With this in mind, Mark Chapman, H&R Block’s director of tax communications, advises small business owners who fall into the new tax rate thresholds to consider defer invoices until the next financial year comes around.
“By doing that, the income will fall into the new tax year and [profits] will be taxed at 27.5% rather than 30%. The cut in the company tax rate for these businesses will also affect the rate at which they can frank dividends – so there will be flow on tax effects to the owners of the businesses, where owners choose to reward themselves with dividends,” Chapman told SmartCompany.
7. Dirty debts (done dirt cheap)
According to Chapman, no business wants to be in a position where they can’t recover outstanding debts “but we have to be realistic and acknowledge that it does happen sometimes”.
Despite this harsh reality, there’s good news for SMEs: it’s possible to receive a tax deduction on the amount of debt you have to write off, or your ‘bad debts’.
The one thing to keep in mind, says Chapman, is that the debt has to be included as assessable income in the current or a previous income year.
“At this time of the year, it makes sense to go through your debtors list and if there are any debtors on it who you believe can’t or won’t pay, write off those debts by 30 June to claim the deduction this year,” he says.
“The business must keep a written record to document that the debt has been written off.”
8. Get your super in on time
An oldie but a goodie: if small business owners want to claim a tax deduction for super payments they make for employees, the super has to be done and paid before June 30, otherwise the opportunity for a deduction passes.
“You’re required to pay super, and if it’s not paid by 30 June, no deduction,” Murray Howlett, partner at accounting firm Pilot Partners told SmartCompany last year.
“I’m forever seeing people surprised they don’t get the deduction when they haven’t paid their super by the end of the financial year.
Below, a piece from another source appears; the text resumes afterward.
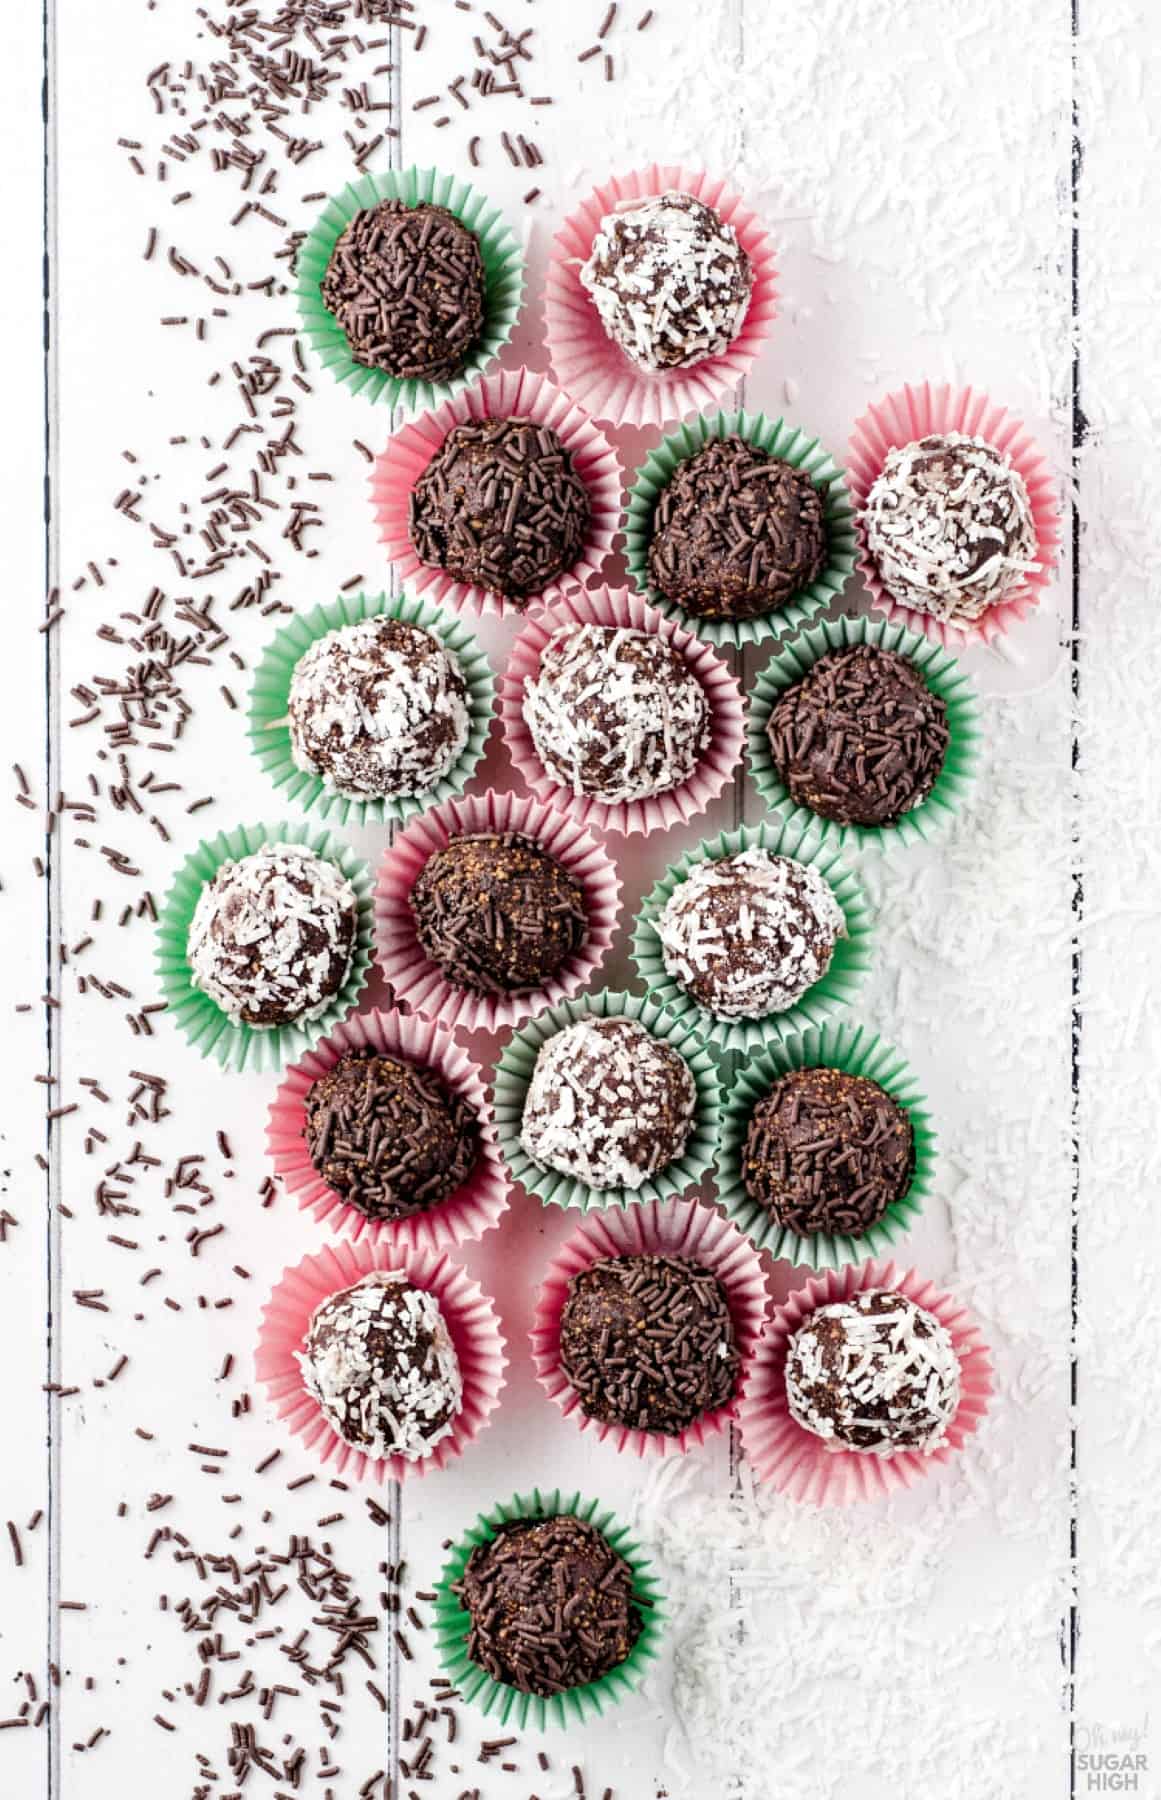 No-Bake Chocolate Rum Balls served in small paper cupcake wrappers on a white tabletop.
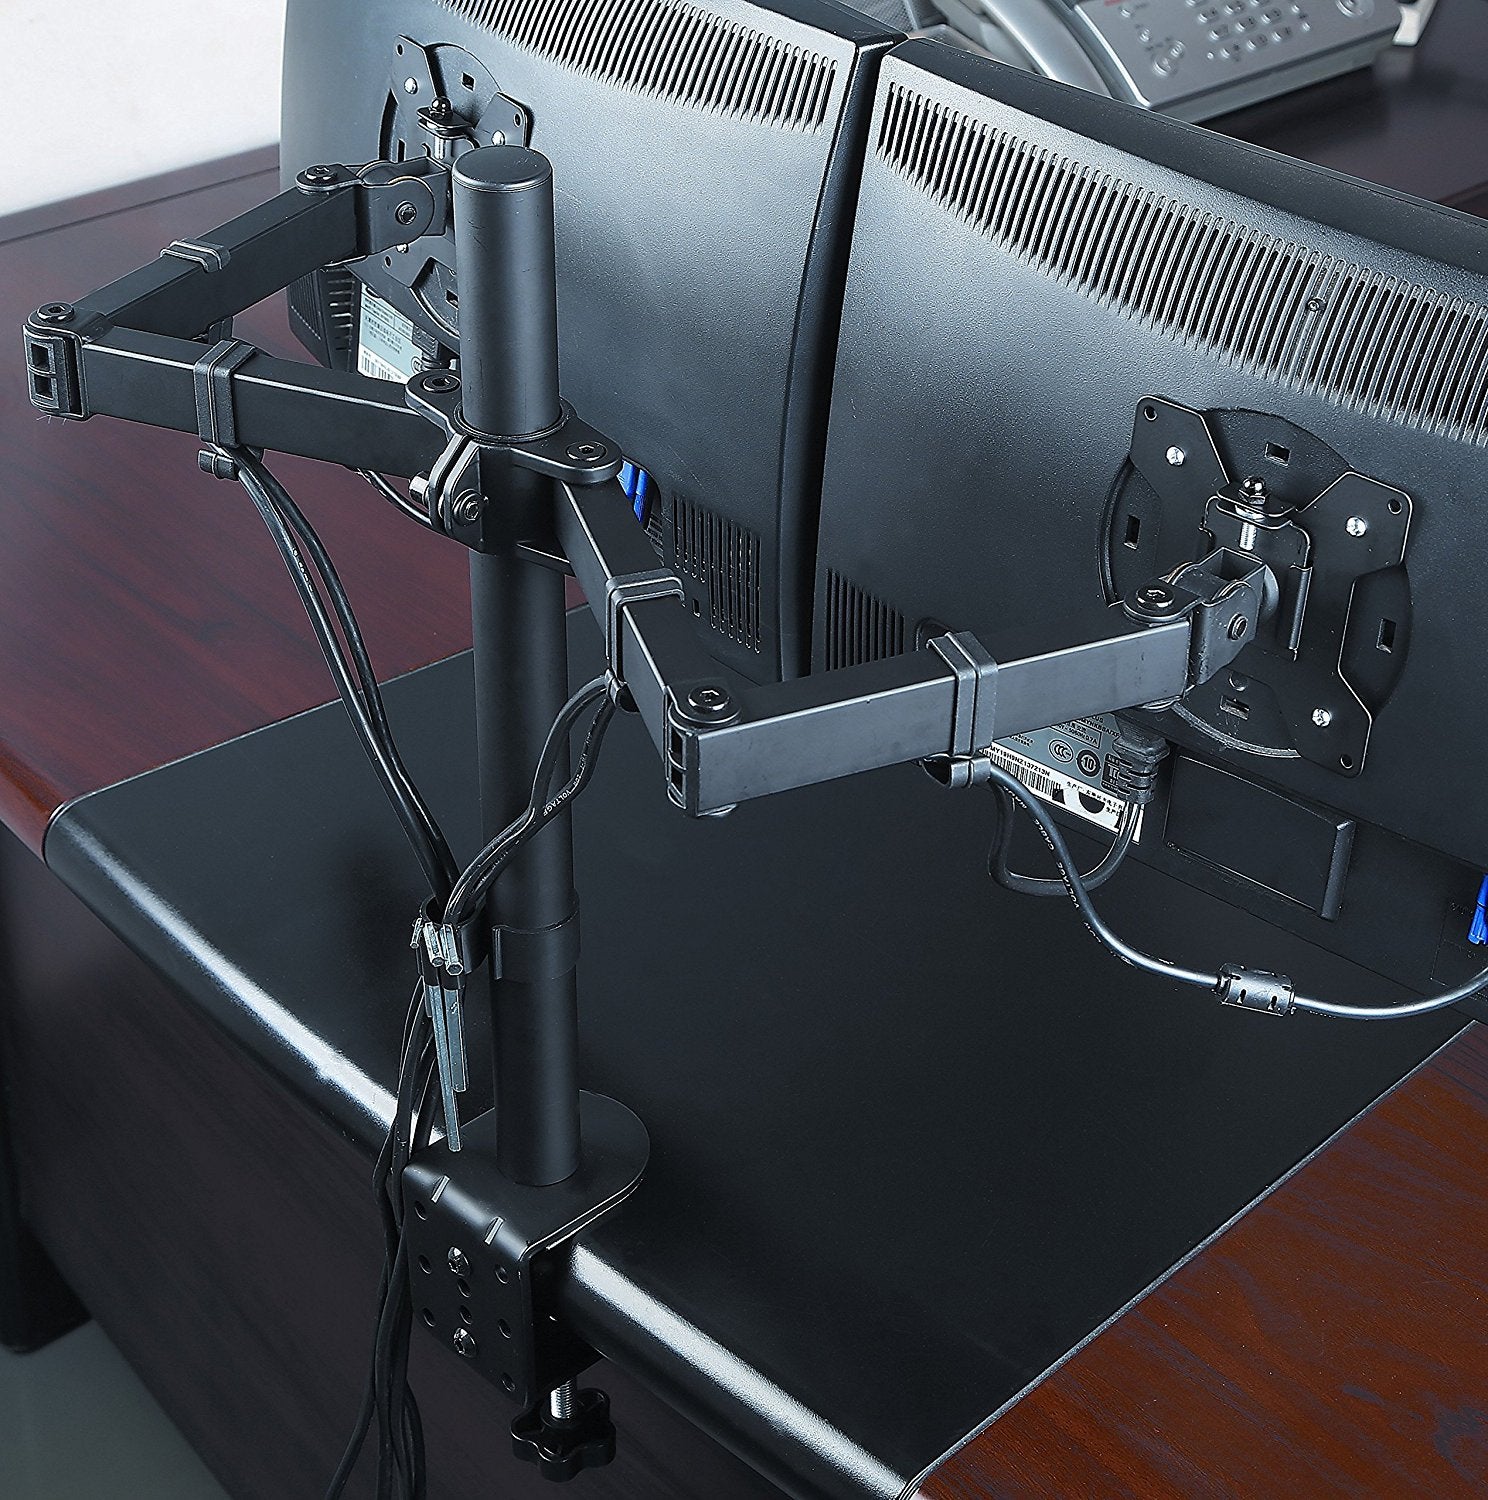 Desk Clamp Double Arm Monitor Mount for VESA 75x75 and 100x100

Super needs to be paid to staff 28 days after the end of each quarter. For any quarter you miss that deadline, it’s not tax deductible.”
9. Keep strong records
Finally, less of a tax tip and more of a reminder: it’s never too late to start getting your records together for next year. Tax agents warn time and time again that when the taxman comes knocking, a well presented and detailed set of records will quickly resolve any issues they may have.
“If you have the right systems and processes in place, any time the tax office is having a look at your business, you are able to answer quickly and show you’re making no mistakes and it’s not a problem,” Howlett told SmartCompany.
“If you don’t have those systems and processes you need to get them in place.”